How to solve the world's sanitation problem
We go to the toilet about six to eight times a day. We cannot imagine not having a toilet when we need to use one.
Yet despite all the progress in human development, 2.6 billion people - about 40% of mankind - still do not have access to proper sanitation.
Each year, 1.5 million children under the age of five die of diarrhoea caused by unsanitary conditions and poor hygiene.
When open defecation is the common practice, the flies spread diseases from the waste to the food.
Sanitation and hygiene are the cheapest and most effective preventive medicines for the poor.
Lack of attention
Yet this is a Millennium Development Goal that has failed miserably. Why?
The reason is simple: We simply do not talk about it enough to find effective solutions on a global scale.
Most of the time, sanitation sits in the shadow of her more glamorous sister, water.
They call sanitation - waste water, black water, grey water, yellow water, etc - anything but sanitation.
When development banks and governments think of sanitation, they think of urban sewerage pipe systems that cost hundreds of millions of dollars.
But sewerage water pipes often end up in the river, sea or lakes, and pollute the water sources.
Adolescent girls drop out of school when they menstruate, because without toilets at school, it is impossible to change sanitary napkins.
Missing school for one week each month often causes them to drop out of school altogether. Without education, the poverty cycle continues.
The poor who have been used to open defecation also may not think they need a toilet.
In this way, demand is muted. Supply is non-existent. Market is fragmented.
How shall we solve a problem that people do not want to talk about?
The World Toilet Organization was founded in 2001 with its acronym WTO.
With our unique mix of serious facts and humour, we took the global media by storm and shocked the world into realisation of such a massive global sanitation crisis.
As media gave legitimacy to the subject, politicians became advocates for proper sanitation to win popularity.

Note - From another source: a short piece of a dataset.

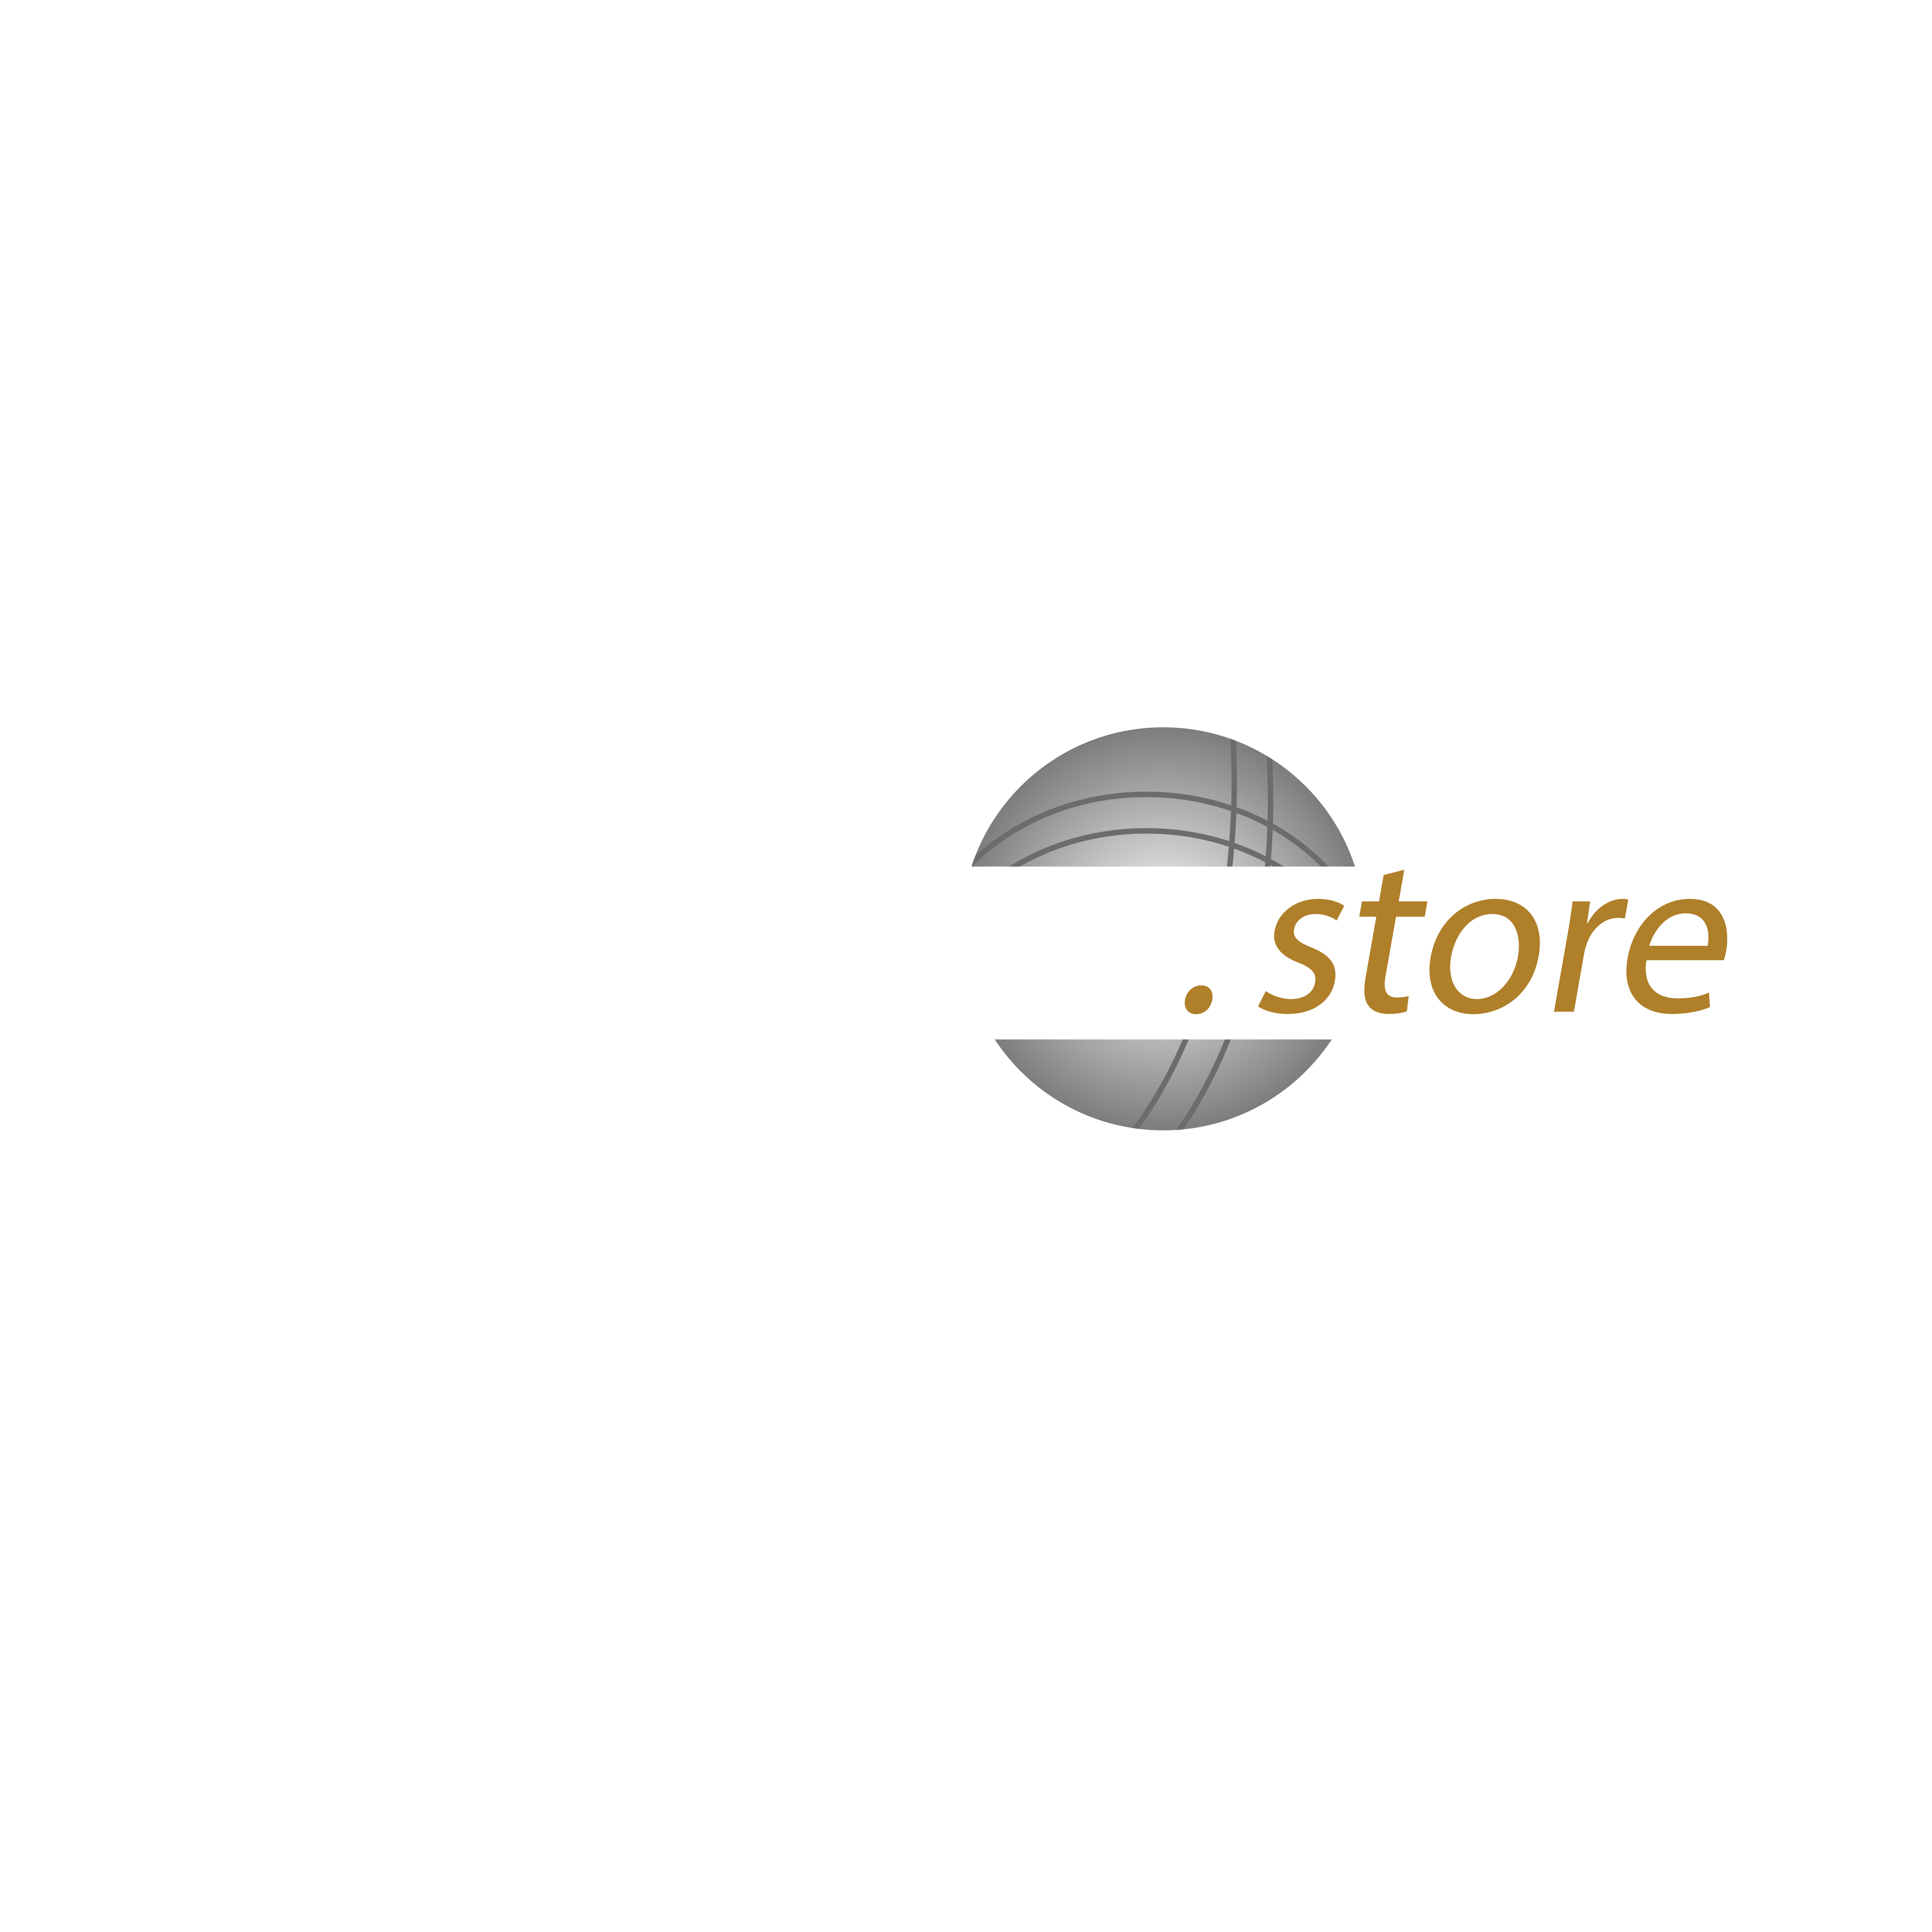 Petanque-store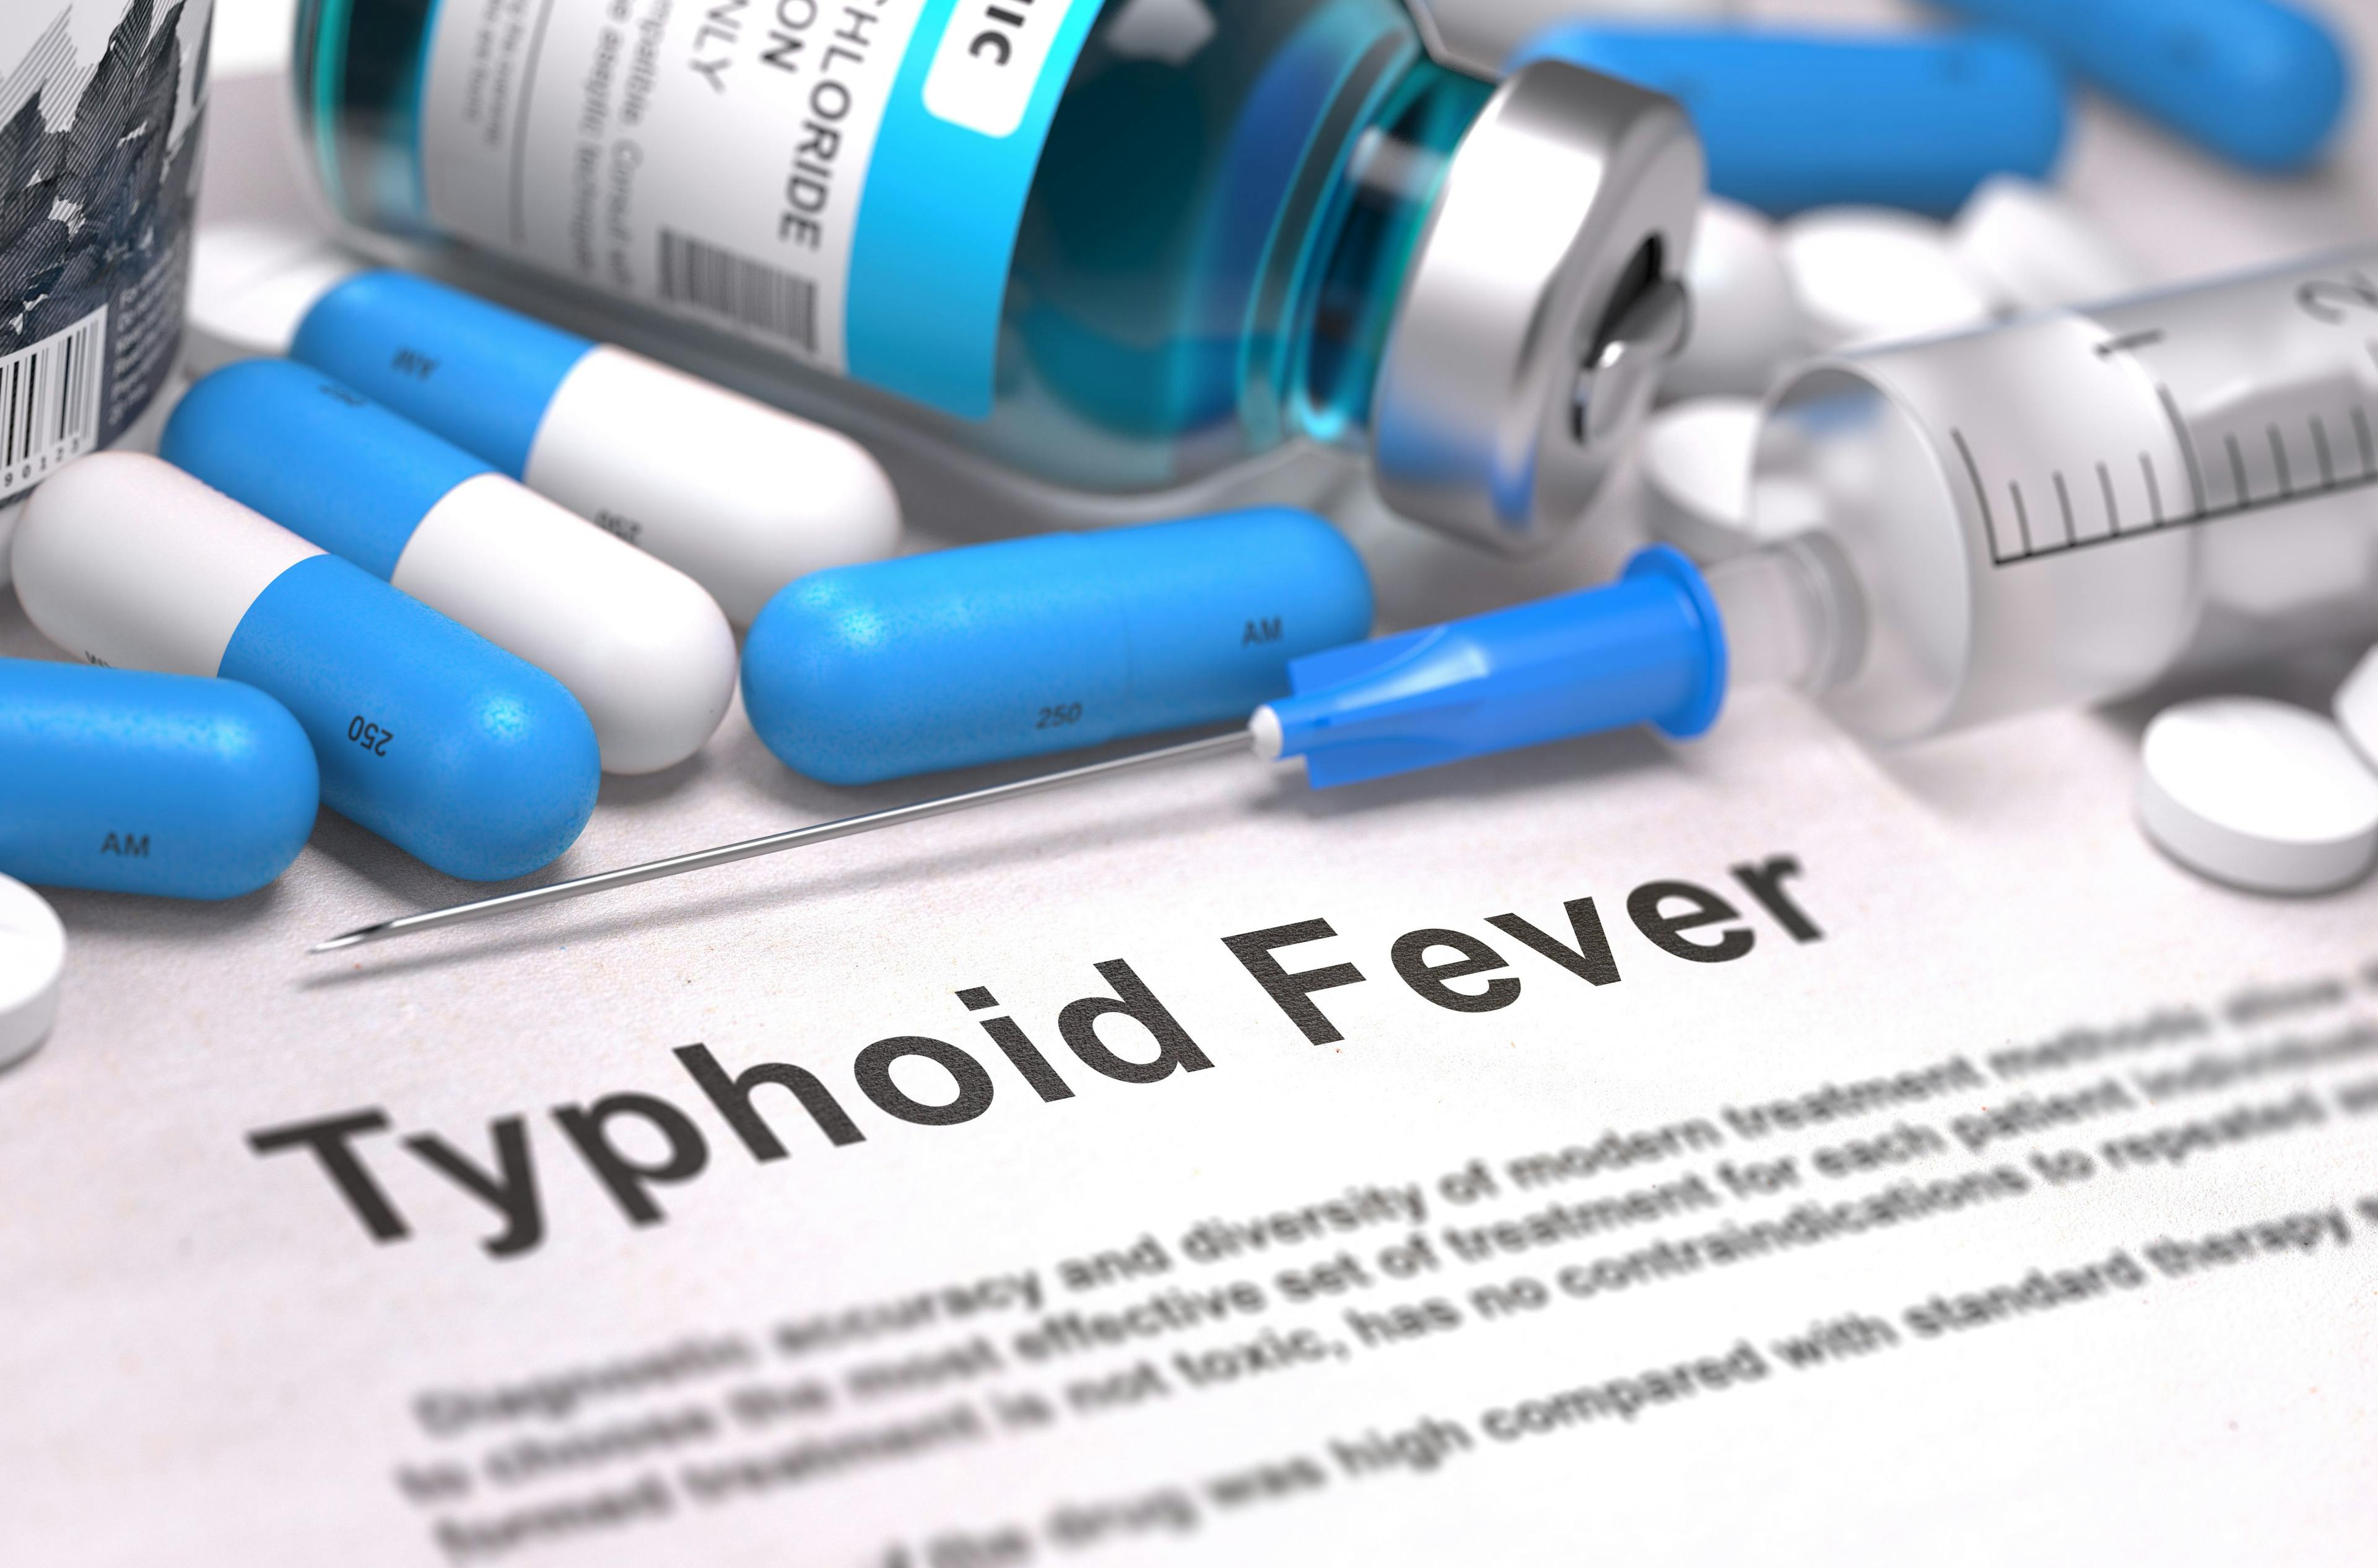 Image credit: tashatuvango | stock.adobe.com. Diagnosis - Typhoid Fever. Medical Concept. 3D Render.

The academia, with its publish-or-perish culture contributed by publishing their researches on technologies and findings. Small sanitation-related NGOs started to get attention for their cause.
Our founding day, 19 November, became World Toilet Day and this is celebrated by an ever-increasing number of people each year.
Last year, by coincidence, Harry Potter and the Deathly Hallows was launched in cinemas worldwide on 19 November.
It ranks 4th on Twitter that day, and World Toilet Day ranks 5th.
Google also showed 16 million mentions of World Toilet Day on the web search.
Charity or business
Our World Toilet Summits series, now in its 10th year, has travelled to Singapore, Seoul, Taipei, Beijing, Belfast, Moscow, New Delhi, Macau, Philadelphia. And this year, it'll be hosted by the Hainan Provincial government in Haikou, China.
Advocacy has been very successful in breaking the taboo of toilets and sanitation.
But charity cannot solve such a massive problem.
We need to transform the world toilet crisis into a great business opportunity.
Through our SaniShop micro-franchising, WTO trains local poor to become entrepreneurs producing small stand-alone sanitation treatment systems.
We also train the village women to sell these toilets and earn a commission from the producer for each sale.
At an affordable price of $33 (£20) per family sanitation system, SaniShop helps create jobs while delivering proper sanitation and public health sustainably.
We have made good success in Cambodia and are now entering India with the same franchising strategy.
We want to replicate SaniShops in as many countries as possible so that one day, every person, anywhere, will have access to proper sanitation whenever they need to go to the toilet.